*** Opening of Recorded data ***

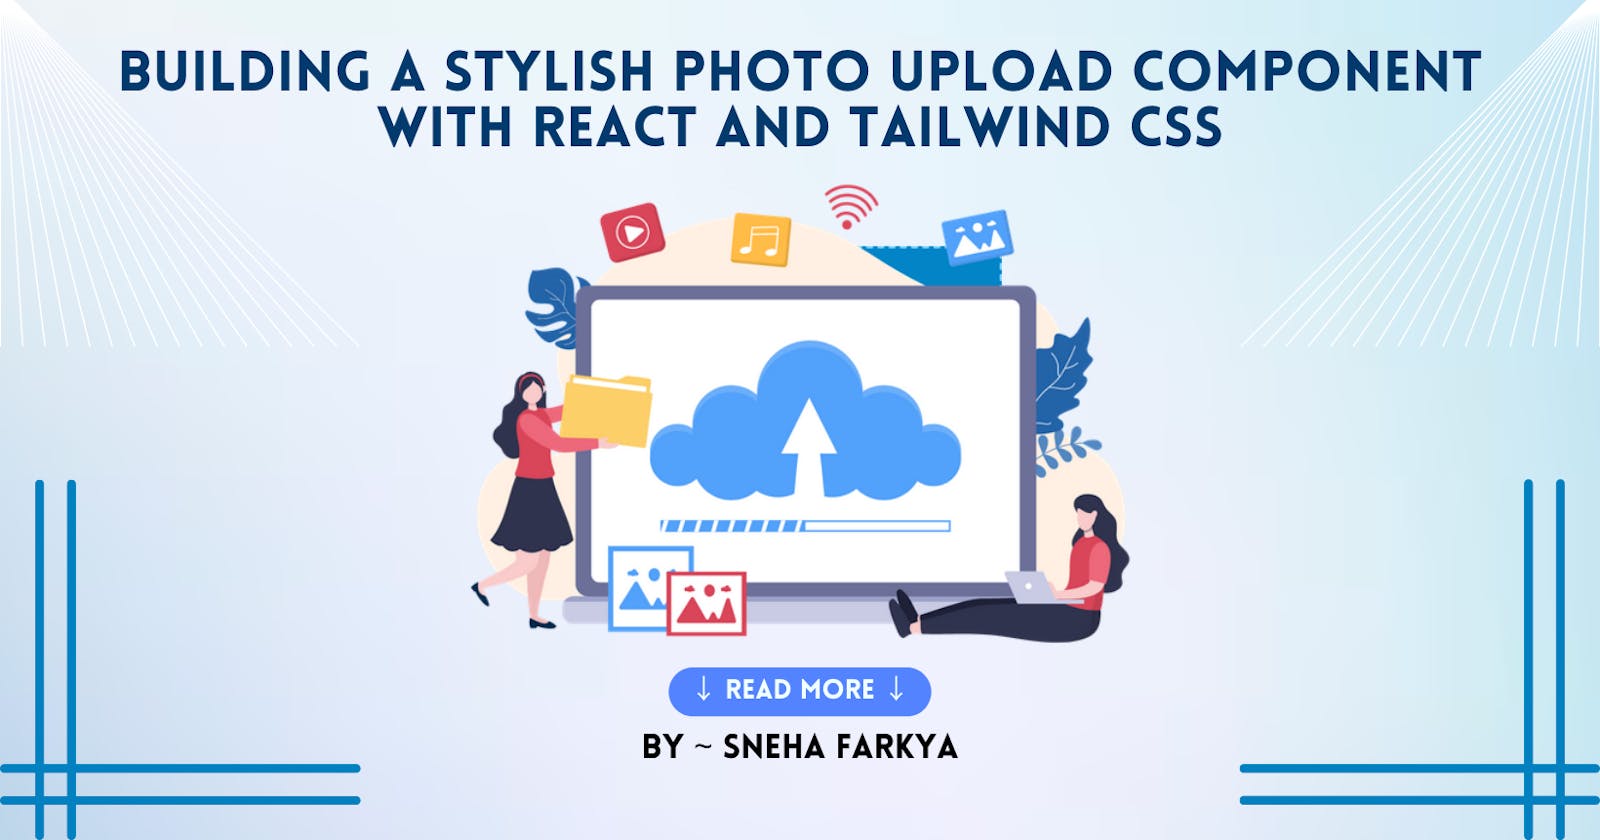 Building a Stylish Photo Upload Component with React and Tailwind CSS
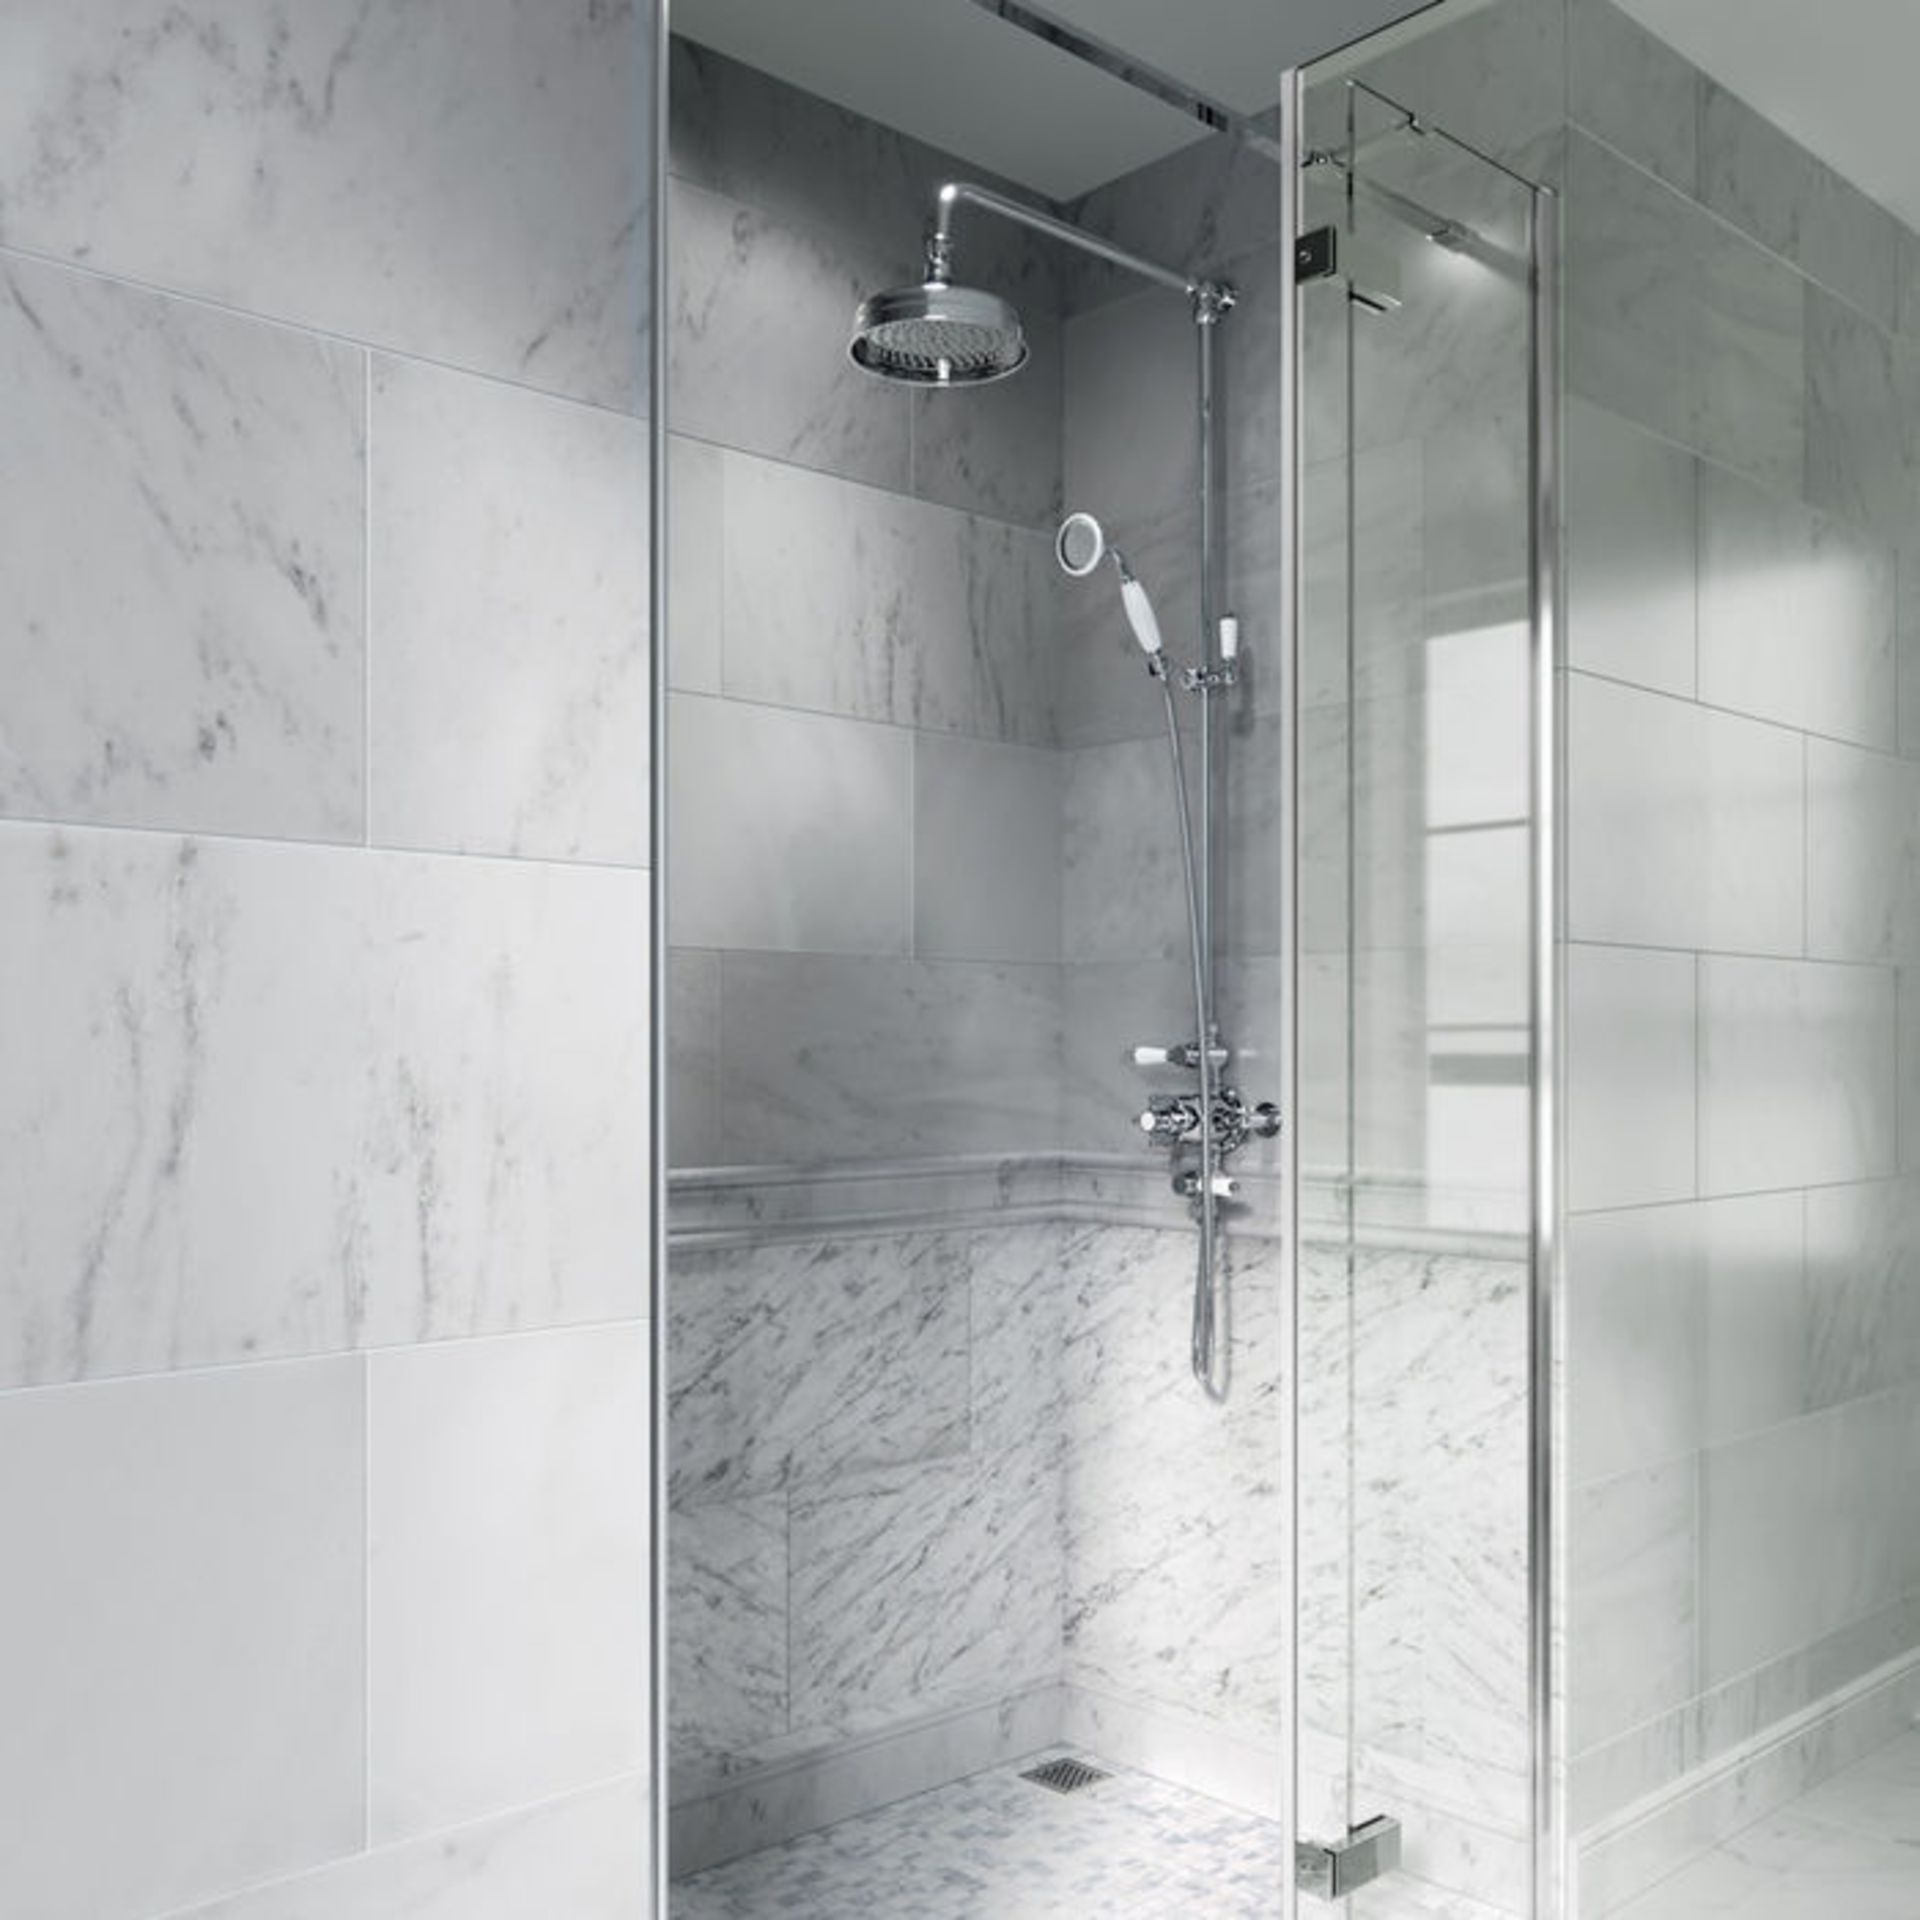 (H181) Traditional Exposed Shower Kit & Medium Head. RRP £249.99. Traditional exposed valve - Image 3 of 7
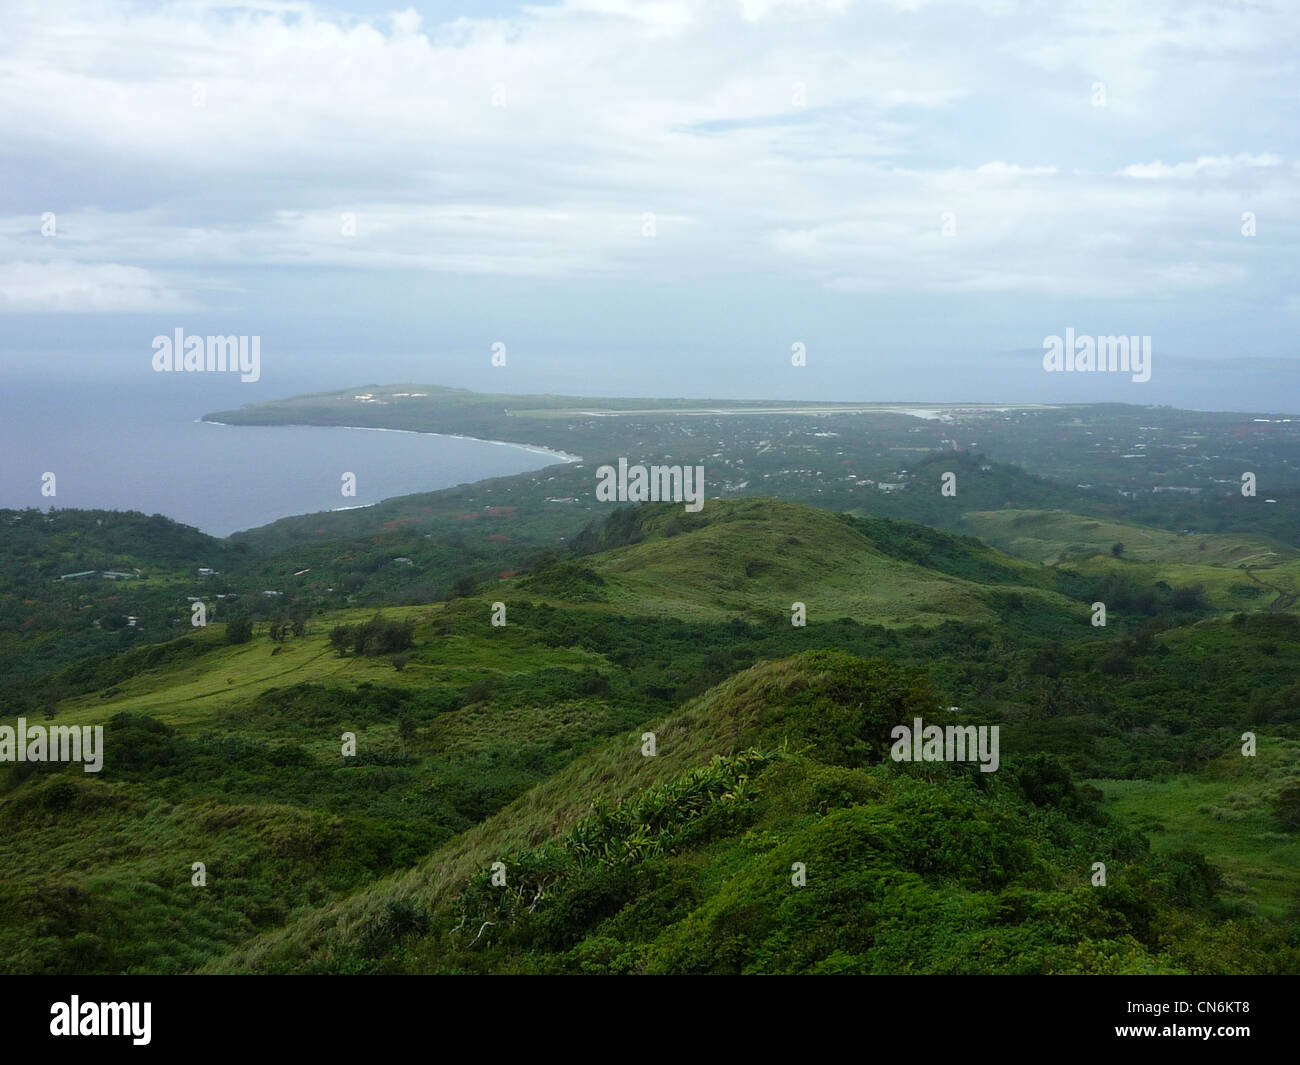 Saipan International Airport from the top of Mt Tapochau. Stock Photo

*** Close of Recorded data ***

Quote the data above in full and without alteration; skip the pictures.

 Building a Stylish Photo Upload Component with React and Tailwind CSS
 (H181) Traditional Exposed Shower Kit & Medium Head. RRP £249.99. Traditional exposed valve - Image 3 of 7
 Saipan International Airport from the top of Mt Tapochau. Stock Photo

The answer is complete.